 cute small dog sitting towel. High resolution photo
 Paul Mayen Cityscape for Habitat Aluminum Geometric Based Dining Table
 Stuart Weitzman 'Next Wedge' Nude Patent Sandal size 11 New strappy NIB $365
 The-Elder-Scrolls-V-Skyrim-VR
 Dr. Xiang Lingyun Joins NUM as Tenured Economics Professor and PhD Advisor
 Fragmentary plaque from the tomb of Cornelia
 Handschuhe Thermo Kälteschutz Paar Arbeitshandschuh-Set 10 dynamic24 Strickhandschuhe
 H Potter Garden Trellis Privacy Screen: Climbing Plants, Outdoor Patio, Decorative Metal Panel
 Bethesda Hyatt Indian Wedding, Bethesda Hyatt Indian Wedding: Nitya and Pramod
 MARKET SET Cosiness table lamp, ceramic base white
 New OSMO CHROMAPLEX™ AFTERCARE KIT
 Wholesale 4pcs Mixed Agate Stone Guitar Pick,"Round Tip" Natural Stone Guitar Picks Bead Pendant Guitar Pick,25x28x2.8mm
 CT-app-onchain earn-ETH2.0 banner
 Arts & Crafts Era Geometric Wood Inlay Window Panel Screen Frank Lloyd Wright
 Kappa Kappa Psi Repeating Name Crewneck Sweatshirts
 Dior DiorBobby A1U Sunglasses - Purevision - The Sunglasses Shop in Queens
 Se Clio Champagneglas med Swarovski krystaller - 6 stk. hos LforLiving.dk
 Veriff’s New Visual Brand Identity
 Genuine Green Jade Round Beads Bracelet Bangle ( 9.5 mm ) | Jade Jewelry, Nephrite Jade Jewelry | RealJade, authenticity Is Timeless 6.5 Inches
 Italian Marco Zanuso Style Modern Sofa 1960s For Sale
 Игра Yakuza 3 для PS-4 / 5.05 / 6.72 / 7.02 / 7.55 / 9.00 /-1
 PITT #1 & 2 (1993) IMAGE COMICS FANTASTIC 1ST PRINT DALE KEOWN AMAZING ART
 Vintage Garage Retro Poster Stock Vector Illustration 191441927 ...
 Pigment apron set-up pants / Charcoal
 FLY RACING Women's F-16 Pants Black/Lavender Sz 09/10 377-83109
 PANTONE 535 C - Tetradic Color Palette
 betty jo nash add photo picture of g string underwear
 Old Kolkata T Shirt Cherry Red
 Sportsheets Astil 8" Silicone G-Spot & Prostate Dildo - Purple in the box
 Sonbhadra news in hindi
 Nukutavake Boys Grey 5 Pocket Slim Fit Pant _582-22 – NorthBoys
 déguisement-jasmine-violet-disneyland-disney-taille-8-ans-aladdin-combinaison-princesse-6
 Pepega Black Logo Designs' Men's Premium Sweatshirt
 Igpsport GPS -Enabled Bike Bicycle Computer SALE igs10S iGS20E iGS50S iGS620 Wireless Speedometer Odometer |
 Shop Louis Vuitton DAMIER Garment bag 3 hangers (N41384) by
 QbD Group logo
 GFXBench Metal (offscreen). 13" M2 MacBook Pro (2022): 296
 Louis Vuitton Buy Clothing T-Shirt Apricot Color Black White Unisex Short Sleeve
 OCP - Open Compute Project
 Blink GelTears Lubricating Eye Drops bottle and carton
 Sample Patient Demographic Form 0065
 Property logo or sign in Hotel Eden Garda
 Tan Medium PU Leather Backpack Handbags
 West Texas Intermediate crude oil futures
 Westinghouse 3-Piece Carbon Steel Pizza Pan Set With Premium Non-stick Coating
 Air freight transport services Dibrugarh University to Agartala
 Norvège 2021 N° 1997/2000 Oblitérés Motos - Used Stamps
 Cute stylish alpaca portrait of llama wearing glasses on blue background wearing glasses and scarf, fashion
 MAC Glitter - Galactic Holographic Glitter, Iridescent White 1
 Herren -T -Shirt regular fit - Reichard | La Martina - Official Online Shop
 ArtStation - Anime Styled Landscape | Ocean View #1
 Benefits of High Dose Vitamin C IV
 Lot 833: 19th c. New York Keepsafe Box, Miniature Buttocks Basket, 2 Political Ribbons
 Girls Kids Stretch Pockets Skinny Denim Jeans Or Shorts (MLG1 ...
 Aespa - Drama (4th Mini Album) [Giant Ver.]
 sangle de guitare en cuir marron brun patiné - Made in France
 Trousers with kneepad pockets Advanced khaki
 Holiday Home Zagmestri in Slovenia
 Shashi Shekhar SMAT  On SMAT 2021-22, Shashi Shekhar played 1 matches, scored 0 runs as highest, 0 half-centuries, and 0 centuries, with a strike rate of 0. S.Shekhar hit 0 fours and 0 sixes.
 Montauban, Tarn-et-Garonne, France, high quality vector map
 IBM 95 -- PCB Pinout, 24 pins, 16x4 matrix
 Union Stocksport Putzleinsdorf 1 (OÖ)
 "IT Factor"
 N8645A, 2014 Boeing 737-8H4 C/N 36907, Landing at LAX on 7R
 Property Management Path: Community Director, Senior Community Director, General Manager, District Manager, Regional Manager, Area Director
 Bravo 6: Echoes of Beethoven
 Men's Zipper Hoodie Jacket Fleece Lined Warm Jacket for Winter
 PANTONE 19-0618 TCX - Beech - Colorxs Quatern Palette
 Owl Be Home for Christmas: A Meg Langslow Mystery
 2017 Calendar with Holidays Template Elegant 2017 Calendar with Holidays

----------------------------------------

What needs to be done ->
Would you transcribe all of the data, keeping each line exact?

Solution for this exercise ->
 cute small dog sitting towel. High resolution photo
 Paul Mayen Cityscape for Habitat Aluminum Geometric Based Dining Table
 Stuart Weitzman 'Next Wedge' Nude Patent Sandal size 11 New strappy NIB $365
 The-Elder-Scrolls-V-Skyrim-VR
 Dr. Xiang Lingyun Joins NUM as Tenured Economics Professor and PhD Advisor
 Fragmentary plaque from the tomb of Cornelia
 Handschuhe Thermo Kälteschutz Paar Arbeitshandschuh-Set 10 dynamic24 Strickhandschuhe
 H Potter Garden Trellis Privacy Screen: Climbing Plants, Outdoor Patio, Decorative Metal Panel
 Bethesda Hyatt Indian Wedding, Bethesda Hyatt Indian Wedding: Nitya and Pramod
 MARKET SET Cosiness table lamp, ceramic base white
 New OSMO CHROMAPLEX™ AFTERCARE KIT
 Wholesale 4pcs Mixed Agate Stone Guitar Pick,"Round Tip" Natural Stone Guitar Picks Bead Pendant Guitar Pick,25x28x2.8mm
 CT-app-onchain earn-ETH2.0 banner
 Arts & Crafts Era Geometric Wood Inlay Window Panel Screen Frank Lloyd Wright
 Kappa Kappa Psi Repeating Name Crewneck Sweatshirts
 Dior DiorBobby A1U Sunglasses - Purevision - The Sunglasses Shop in Queens
 Se Clio Champagneglas med Swarovski krystaller - 6 stk. hos LforLiving.dk
 Veriff’s New Visual Brand Identity
 Genuine Green Jade Round Beads Bracelet Bangle ( 9.5 mm ) | Jade Jewelry, Nephrite Jade Jewelry | RealJade, authenticity Is Timeless 6.5 Inches
 Italian Marco Zanuso Style Modern Sofa 1960s For Sale
 Игра Yakuza 3 для PS-4 / 5.05 / 6.72 / 7.02 / 7.55 / 9.00 /-1
 PITT #1 & 2 (1993) IMAGE COMICS FANTASTIC 1ST PRINT DALE KEOWN AMAZING ART
 Vintage Garage Retro Poster Stock Vector Illustration 191441927 ...
 Pigment apron set-up pants / Charcoal
 FLY RACING Women's F-16 Pants Black/Lavender Sz 09/10 377-83109
 PANTONE 535 C - Tetradic Color Palette
 betty jo nash add photo picture of g string underwear
 Old Kolkata T Shirt Cherry Red
 Sportsheets Astil 8" Silicone G-Spot & Prostate Dildo - Purple in the box
 Sonbhadra news in hindi
 Nukutavake Boys Grey 5 Pocket Slim Fit Pant _582-22 – NorthBoys
 déguisement-jasmine-violet-disneyland-disney-taille-8-ans-aladdin-combinaison-princesse-6
 Pepega Black Logo Designs' Men's Premium Sweatshirt
 Igpsport GPS -Enabled Bike Bicycle Computer SALE igs10S iGS20E iGS50S iGS620 Wireless Speedometer Odometer |
 Shop Louis Vuitton DAMIER Garment bag 3 hangers (N41384) by
 QbD Group logo
 GFXBench Metal (offscreen). 13" M2 MacBook Pro (2022): 296
 Louis Vuitton Buy Clothing T-Shirt Apricot Color Black White Unisex Short Sleeve
 OCP - Open Compute Project
 Blink GelTears Lubricating Eye Drops bottle and carton
 Sample Patient Demographic Form 0065
 Property logo or sign in Hotel Eden Garda
 Tan Medium PU Leather Backpack Handbags
 West Texas Intermediate crude oil futures
 Westinghouse 3-Piece Carbon Steel Pizza Pan Set With Premium Non-stick Coating
 Air freight transport services Dibrugarh University to Agartala
 Norvège 2021 N° 1997/2000 Oblitérés Motos - Used Stamps
 Cute stylish alpaca portrait of llama wearing glasses on blue background wearing glasses and scarf, fashion
 MAC Glitter - Galactic Holographic Glitter, Iridescent White 1
 Herren -T -Shirt regular fit - Reichard | La Martina - Official Online Shop
 ArtStation - Anime Styled Landscape | Ocean View #1
 Benefits of High Dose Vitamin C IV
 Lot 833: 19th c. New York Keepsafe Box, Miniature Buttocks Basket, 2 Political Ribbons
 Girls Kids Stretch Pockets Skinny Denim Jeans Or Shorts (MLG1 ...
 Aespa - Drama (4th Mini Album) [Giant Ver.]
 sangle de guitare en cuir marron brun patiné - Made in France
 Trousers with kneepad pockets Advanced khaki
 Holiday Home Zagmestri in Slovenia
 Shashi Shekhar SMAT  On SMAT 2021-22, Shashi Shekhar played 1 matches, scored 0 runs as highest, 0 half-centuries, and 0 centuries, with a strike rate of 0. S.Shekhar hit 0 fours and 0 sixes.
 Montauban, Tarn-et-Garonne, France, high quality vector map
 IBM 95 -- PCB Pinout, 24 pins, 16x4 matrix
 Union Stocksport Putzleinsdorf 1 (OÖ)
 "IT Factor"
 N8645A, 2014 Boeing 737-8H4 C/N 36907, Landing at LAX on 7R
 Property Management Path: Community Director, Senior Community Director, General Manager, District Manager, Regional Manager, Area Director
 Bravo 6: Echoes of Beethoven
 Men's Zipper Hoodie Jacket Fleece Lined Warm Jacket for Winter
 PANTONE 19-0618 TCX - Beech - Colorxs Quatern Palette
 Owl Be Home for Christmas: A Meg Langslow Mystery
 2017 Calendar with Holidays Template Elegant 2017 Calendar with Holidays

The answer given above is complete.